«Лучше я его вообще выброшу, – подумала Алёна, бродя между рядов Средного рынка (идти на Мытный, где торгует этот чокнутый Рашид, – нема дурных!) и ужасаясь ценам, которые выглядели просто-таки неприлично. – А то вдруг у меня когда-нибудь родится дочка, ну и возникнут у нее какие-то трудности, так чтоб не было искушения первым делом в монастырь бежать!»
Мысль о том, что она сама когда-то, давным-давно, собиралась в монастырь, сейчас казалась гораздо более нелепой, чем вдруг проснувшиеся мечты о дочке. Не рановато ли? И вообще неизвестно еще, сможет ли она когда-нибудь родить после всех тех противозачаточных таблеток, которые ей приходилось пить в Аммане, уж в чем-чем, а в них недостатка не было…
Чтобы отвлечься от воспоминаний, не дать им вторгнуться в ее новую жизнь, в новое настроение, Алёна обратила внимание на цены. Да, это оказалось радикальным средством! Мясо по пятьдесят рублей. Где это видано? Оно что, с золотым обрезом, что ли?! А помидоры по тридцать? А огурцы… Ладно, шут с ними, с огурцами, но помидоры нужны непременно – для салата и для борща. И еще много чего нужно.

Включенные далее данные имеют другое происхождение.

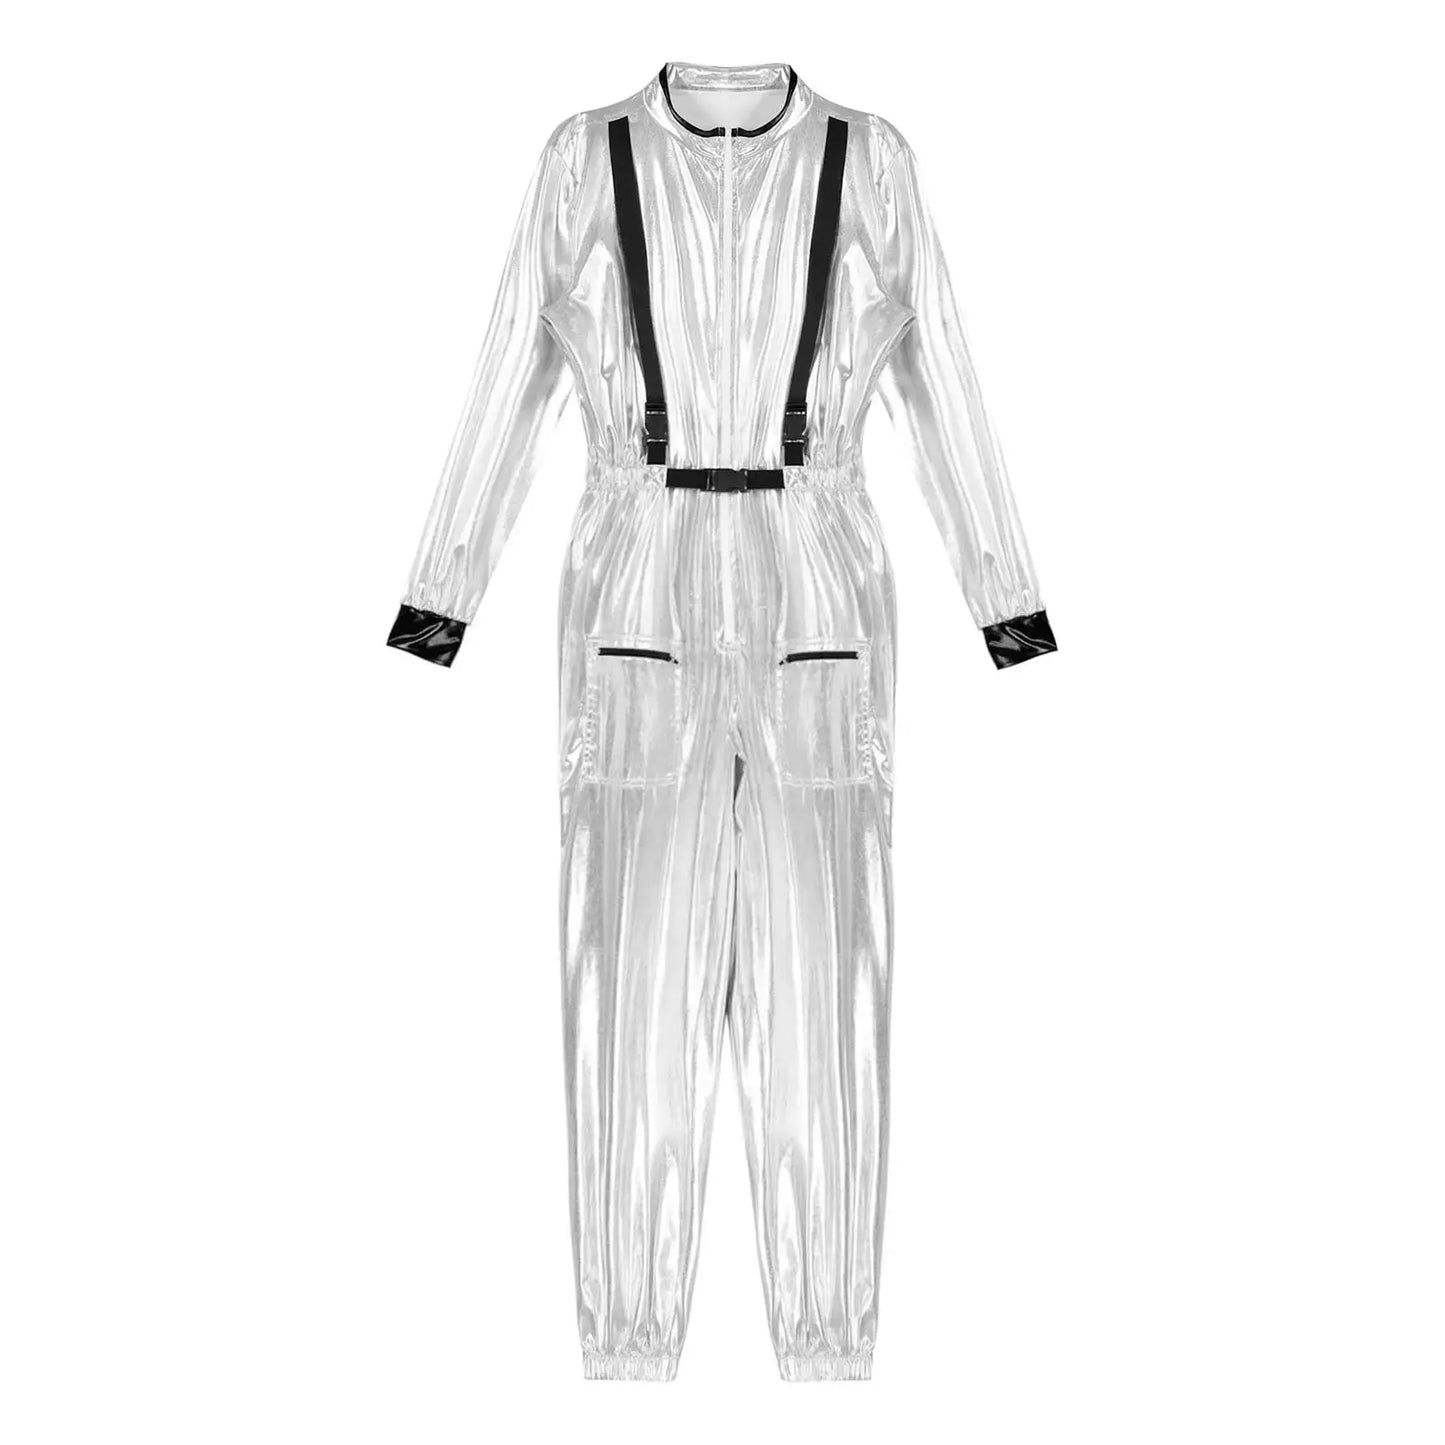 Women Halloween Carnival Astronaut Cosplay Costume Long Sleeve Metallic Shiny Zipper Jumpsuit Bodysuit Performance Clubwear

Через полчаса сумка у нее набралась – не поднять, а к помидорам все еще страшновато было подступиться. «Да ладно, – сказала себе Алёна. – Однова живем, в конце-то концов!»
Она пригляделась к продавщицам. Отец, который обожал ходить на базар, еще в детстве научил никогда ничего не покупать у торговок с отталкивающими лицами. Впрок, дескать, такой товар не пойдет! Правда, иногда это правило вступало в коренное противоречие с качеством продукта – вот как сейчас, например.
В начале июня трудновато найти хорошие, по-настоящему спелые помидоры, но все-таки у одной из торговок они были. Как на беду, физиономией этой толстой женщины резкого восточного типа можно было пугать маленьких детей. Обрюзгшая, с темными кругами под жгучими глазами навыкате, усатая вдобавок… Рядом стояла хорошенькая русская девчонка, и, хоть она продавала бурые восковые муляжи из Горьковского овощесовхоза, к ней выстроилась очередь. Неужели все покупательницы вдруг сделались так чувствительны к физиогномике, изумилась Алёна, но тотчас поняла, что смазливое личико тут ни при чем. Просто у кавказской дамы ее сочный, ярко-красный, спелый и даже на вид вкусный товар был на десять рублей дороже, чем у остальных продавщиц.
«Для «новых русских», что ли, старается?» – подумала Алёна, бросая прощальный взгляд на красивенькие помидоры и пристраиваясь в хвост очереди к овощесовхозным муляжам. Хотя женщина, которая подошла к усатой толстухе и заговорила с ней, не слишком была похожа на «новую русскую». Приличная тетенька лет под сорок, несколько даже унылого вида, в почтенном льняном костюме и соломенной шляпке с черными розами. «Это что, траур или просто вкус такой?» – размышляла Алёна, от нечего делать разглядывая ее широкую спину.
Спина почему-то казалась знакомой. Кто-то еще вот так же горбился, поднимая не по-женски крутые плечи, кто-то еще так же нависал над прилавком, низко опуская голову… Да не над прилавком, при чем тут прилавок? Фаина, Фаина Павловна Малютина, о которой Алёна не может вспоминать без дрожи, точно так же нависала над хирургическим столом или гинекологическим креслом, как если бы собиралась не деликатнейшую операцию делать самыми кончиками пальцев, а рвать беззащитную женщину руками на части.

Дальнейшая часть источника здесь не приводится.